Split and Dubrovnik are both enviable locations for different reasons. But the central location of Split makes it easy to come and go from other destinations in the Balkans. Also, sitting as it does on the Dalmatian Coast of Croatia makes it a perfect home base from which to explore other parts of Croatia on a day trip. Sibenik, Trogir and Dalmatian islands like Hvar and Brac are all easy to do from Split in a day as are the spectacular national parks not far inland from this beautiful city. Even Dubrovnik is possible in a day trip from Split or a one night stop over. The well maintained roads make having a car a good option to visit the surrounding areas but there is also decent bus and ferry service and a selection of local tour providers.

During our time in Split we did tours of both the UNESCO site of Plitvice Lakes national park and also the beautiful Krka Falls national park. Both are brilliant examples of the natural beauty that abounds in Croatia and are highly recommended for day trips. We found Adriatic4You and Get Your Guide to be good choices for taking guided tours.

You can see a short video of the lovely Krka falls below. Keep in mind that we took the tour in winter so expect it to be even more spectacular in the spring through fall months!

Krka Falls national Park Split or Dubrovnik

A Taste of Dalmatian Life: Split vs Dubrovnik


Split is the second largest city in Croatia and it feels more real than it’s incredibly beautiful but more touristy Dalmatian sister, Dubrovnik. In Split you will find a perfect balance of old and new and you can feel the buzz of a city that is alive, flourishing and actually lived in as opposed to being mainly a tourist destination…even though it has plenty to offer visitors. The best example of this balance is the old city center of Diocletian’s Palace. A UNESCO World Heritage site which houses not only the old cathedral and bell tower but also homes, shops, restaurants and bars within its ancient walls and somehow makes it all feel cohesive.

In Split, Croatia you can get a taste of real Dalmatian life and if you stay long enough you will likely want to become a part of it. From the daily fish market to the walks in Marjan park and the hours of sipping coffee at the many cafes, it is easy to fall in love with life here. So when looking at Dubrovnik vs Split for a more authentic experience we would definitely say Split.

Hermitage Church in Split or dubrovnik croatia

View across Split harbour looking at the popular Riva waterfront.

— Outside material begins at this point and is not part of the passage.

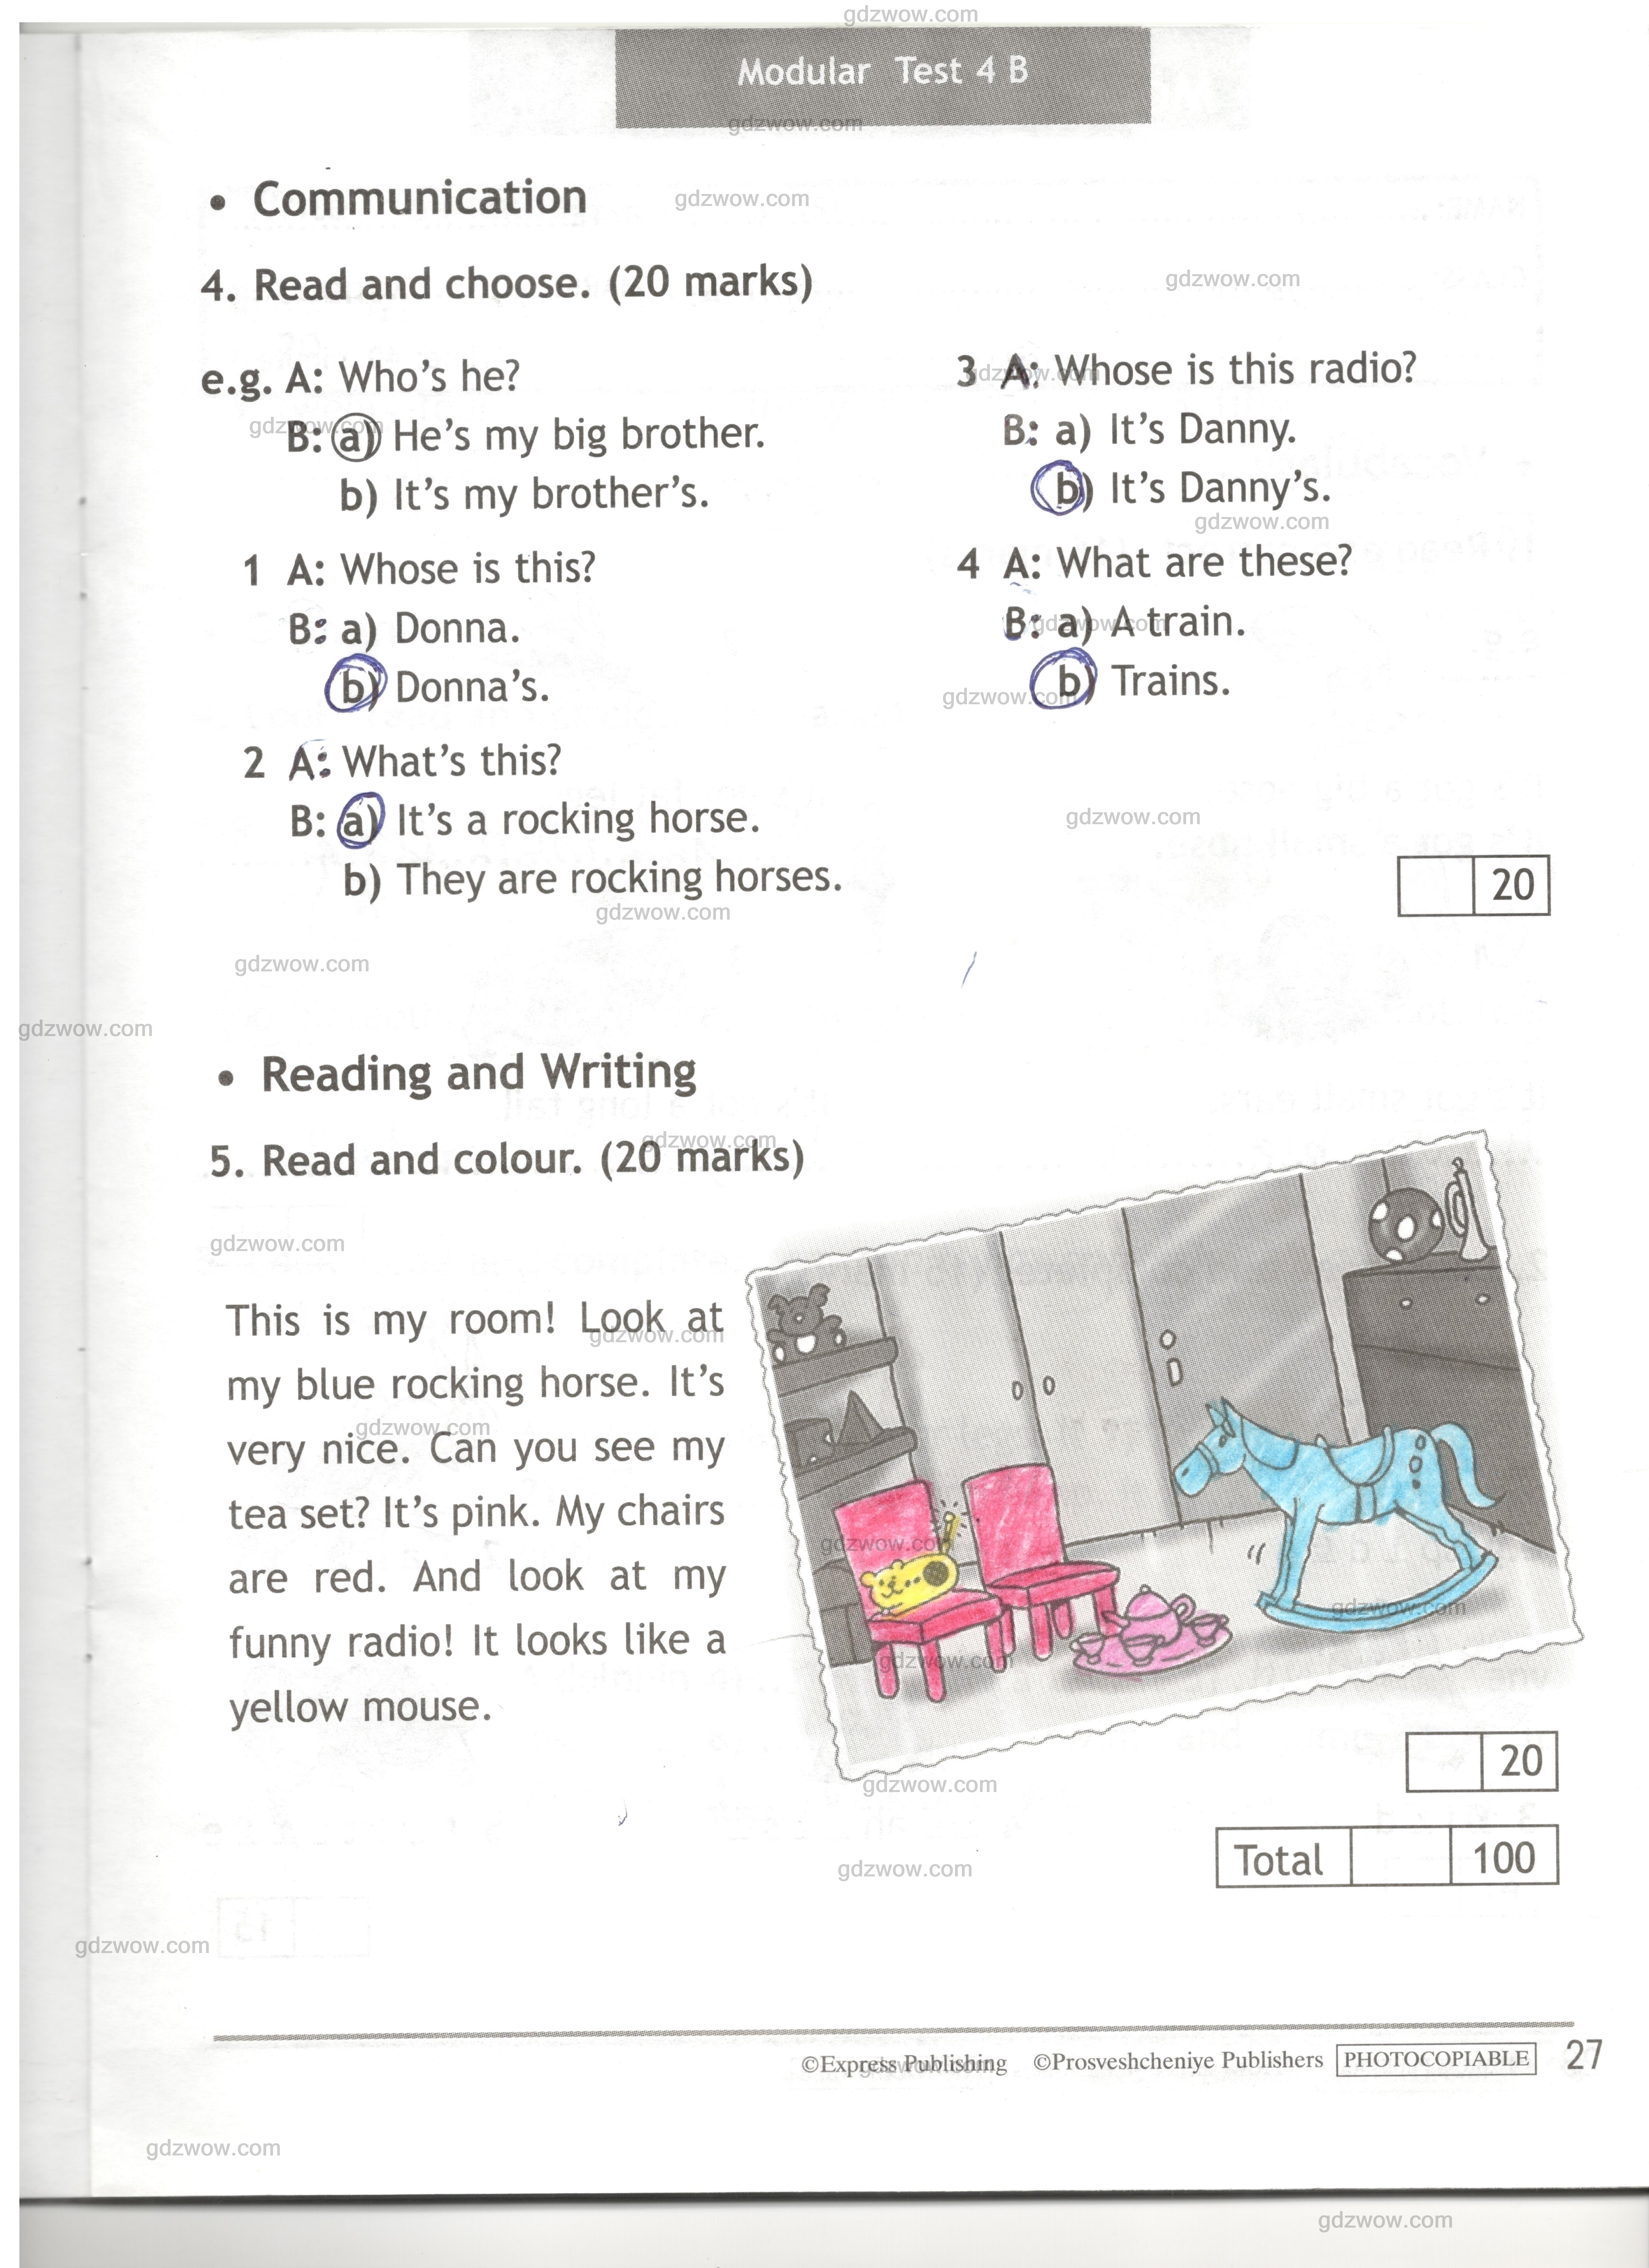 Test booklet 3 ответы. Test booklet 3 класс Spotlight. Быкова 3 класс Test booklet. Быкова Поспелова английский 3 класс тест буклет. Английский язык 4 класс Test booklet.

Busy and charming cafes on the Riva in Split. Something to think about when deciding between Split or Dubrovnik

This view of the sea from Marjan Park in Split Croatia is another argument when deciding Split or Dubrovnik

Most to Offer: Split vs Dubrovnik


Dubrovnik, you are indeed drop dead gorgeous but when looking at Split vs Dubrovnik the tipping point for us was that we found Split to be so much more than just a pretty face. The city is a perfect balance of old and new, vibrant and chill, fantasy and real world.

  1. As a tourist there is more than enough to see and do not only in Split itself but also in the surrounding areas.
  2. Dubrovnik is beautiful but it’s also very touristy and is starting to feel a bit fake. Split has it’s share of tourists but even in high season you can get a peek at real Dalmation life.
  3. Within minutes you can go from strolling along the very modern Riva on the waterfront to getting lost in the ancient cobbled streets of Diocletian’s Palace.
  4. If you love beaches there are plenty of places to plant yourself in the sand and dip your toes in the water. If mountains are your thing they create a perfect backdrop to the city and on the edge of old town you can go hiking for hours in Marjan Forest Park.
  5. For foodies there is everything from modern sushi bars to traditional seafood taverns along with an abundance of cafes and gelaterias to satisfy every taste.
  6. Although Croatia is far from the budget destination it used to be, there are still more deals to be found in Split vs Dubrovnik.
  7. Add to all this the marina, the nightlife, the trendy boutiques and the modern and traditional markets and there really isn’t much missing.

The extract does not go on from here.